In certain problems what we want to do is not to provide the same stream of messages to many clients, but to provide a different subset of messages from the same stream to many clients. An obvious case when this is useful is that of messages which are slow to process: the ability to have N different workers that will receive different parts of the stream allows us to scale message processing, by routing different messages to different workers that are ready to do more work.

In order to achieve this, Redis uses a concept called consumer groups. A consumer group is like a pseudo consumer that gets data from a stream, and actually serve multiple consumers, providing certain guarantees:

XGROUP CREATE race:france france_riders $
XGROUP CREATE race:france france_riders 0
XREADGROUP GROUP france_riders Alice COUNT 1 STREAMS race:france >
XREADGROUP GROUP france_riders Alice COUNT 1 STREAMS race:france 0

In the real world consumers may permanently fail and never recover. What happens to the pending messages of the consumer that never recovers after stopping for any reason? Redis consumer groups offer a feature that is used in these situations in order to claim the pending messages of a given consumer so that such messages will change ownership and will be re-assigned to a different consumer.

XPENDING race:france france_riders
XPENDING race:france france_riders - + 1
XCLAIM race:france france_riders Bob 60000 1721014050450-0
XAUTOCLAIM race:france france_riders Alice 60000 0-0

The XINFO command is an observability interface that can be used with sub-commands in order to get information about streams or consumer groups.

XINFO STREAM race:france
XINFO GROUPS race:france
XINFO CONSUMERS race:france france_riders

Consumer groups in Redis streams may resemble in some way Kafka partitioning-based consumer groups, however note that Redis streams are, in practical terms, very different. Basically Kafka partitions are more similar to using N different Redis keys, while Redis consumer groups are a server-side load balancing system of messages from a given stream to N different consumers.

capped streams

XADD race:italy MAXLEN 2 * rider Jones
XADD race:italy MAXLEN ~ 1000 * rider Wood

XTRIM race:italy MAXLEN 10
XTRIM mystream MAXLEN ~ 10

Bitmaps

Bitmaps are not an actual data type, but a set of bit-oriented operations defined on the String type. Since strings are binary safe blobs and their maximum length is 512 MB, they are suitable to set up to 2^32 different bits.

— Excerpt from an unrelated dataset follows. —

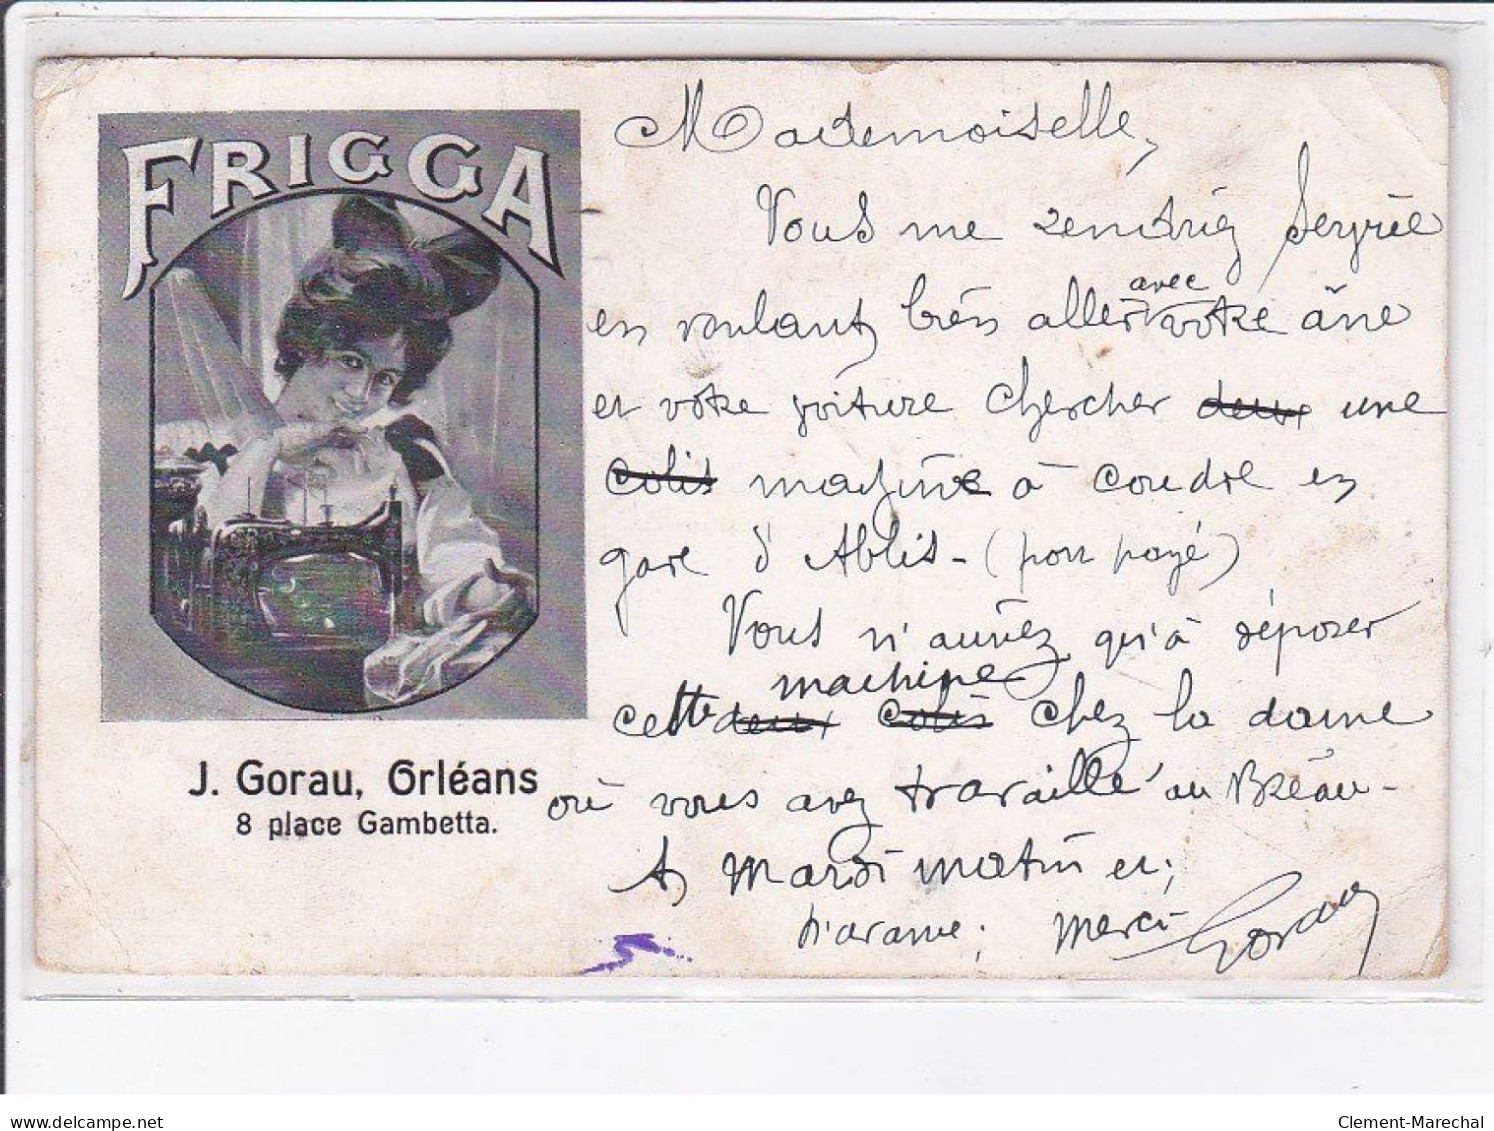 ORLEANS: Frigga, J. Gorau, 8 Place Gambetta, Publicité, Machiine à Coudre - état - Orleans
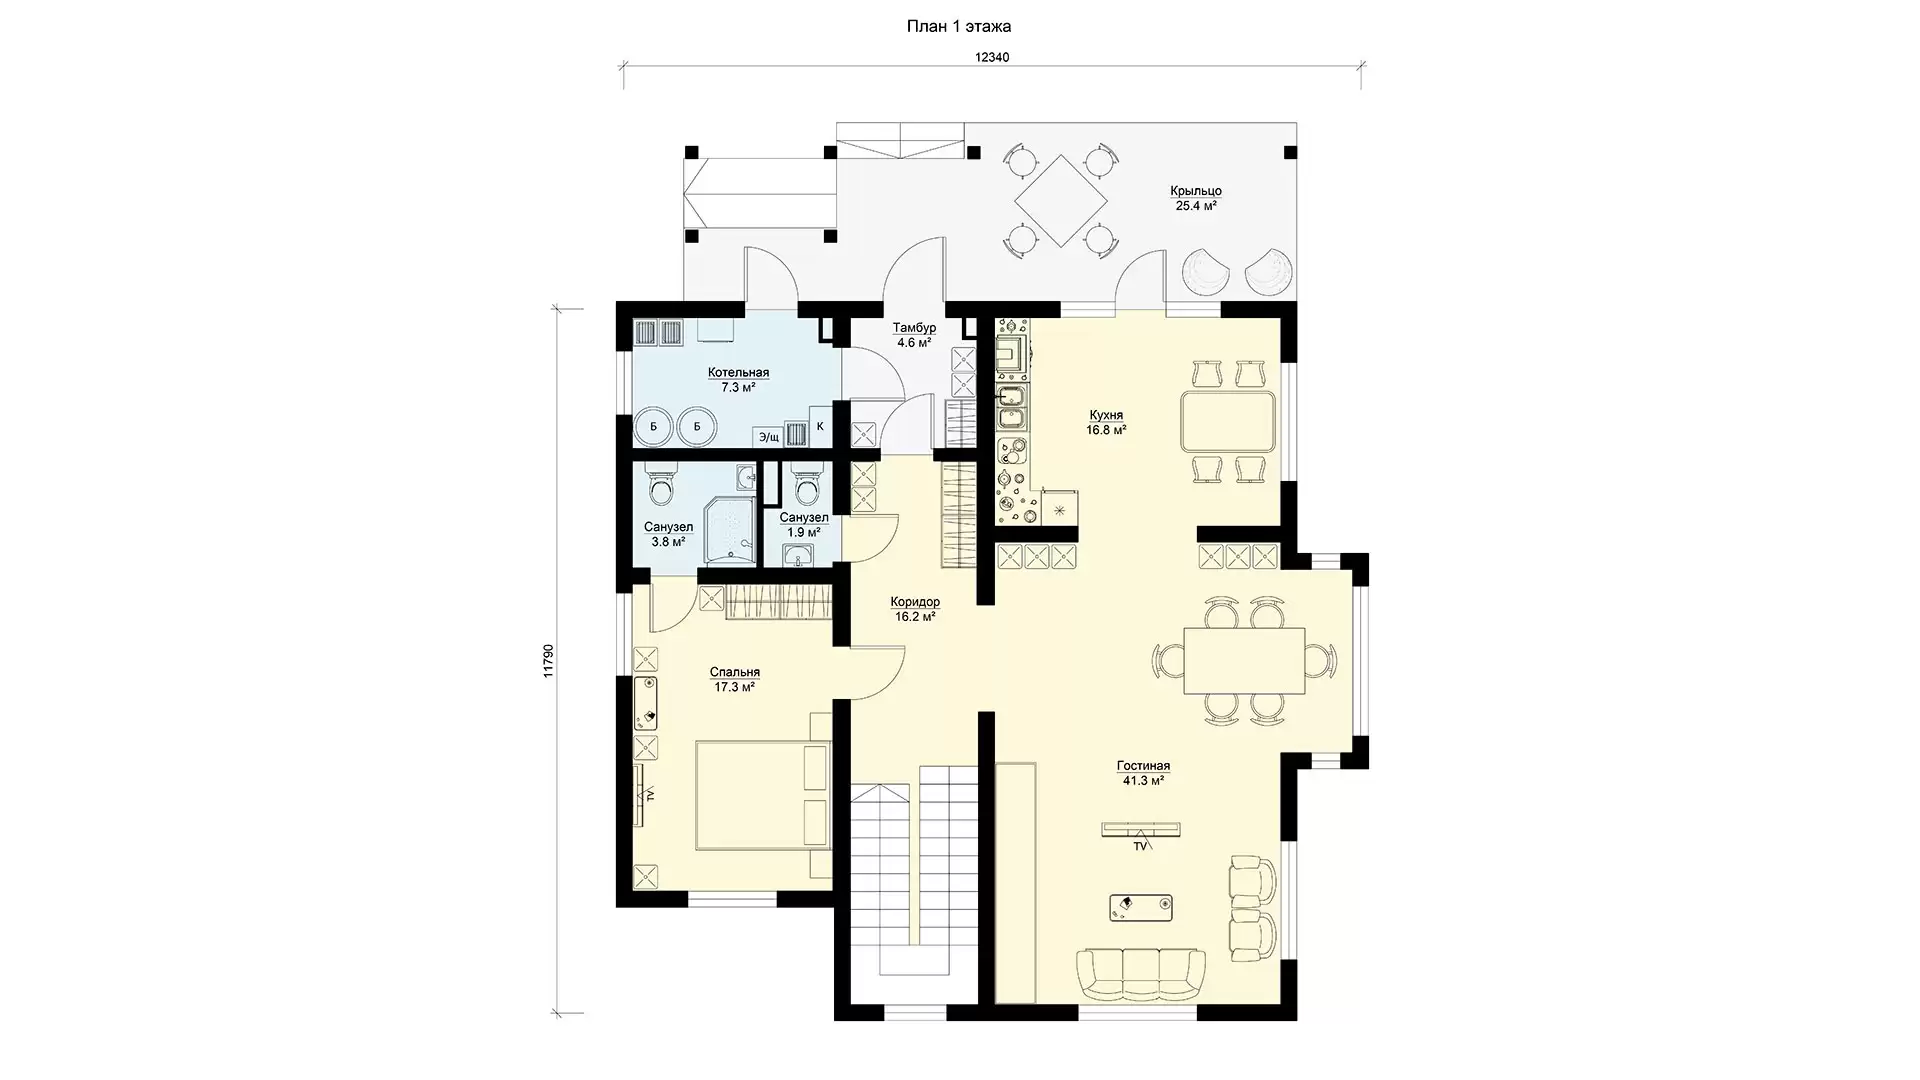 Планировка первого этажа двухэтажный дом 12 на 12 с эркером, проект МС-246

One of the biggest advantages of bitmaps is that they often provide extreme space savings when storing information. For example in a system where different users are represented by incremental user IDs, it is possible to remember a single bit information of 4 billion of users using just 512 MB of memory.

Bitmaps are trivial to split into multiple keys, for example for the sake of sharding the data set abd because in general it is better to avoid working with huge keys. To split a bitmap across different keys instead of setting all the bits into a key, a trivial strategy is just to store M bits per key and obtain the key name with bit-number/M and the Nth bit to address inside the key with bit-number MOD M.

HyperLogLogs

A HyperLogLog is a probabilistic data structure used in order to estimate the cardinality of a set. Usually counting unique items requires using an amount of memory proportional to the number of items you want to count, because you need to remember the elements you have already seen in the past in order to avoid counting them multiple times. However there is a set of algorithms that trade memory for precision: you end up with an estimated measure with a standard error, which in the case of the Redis implementation is less than 1%.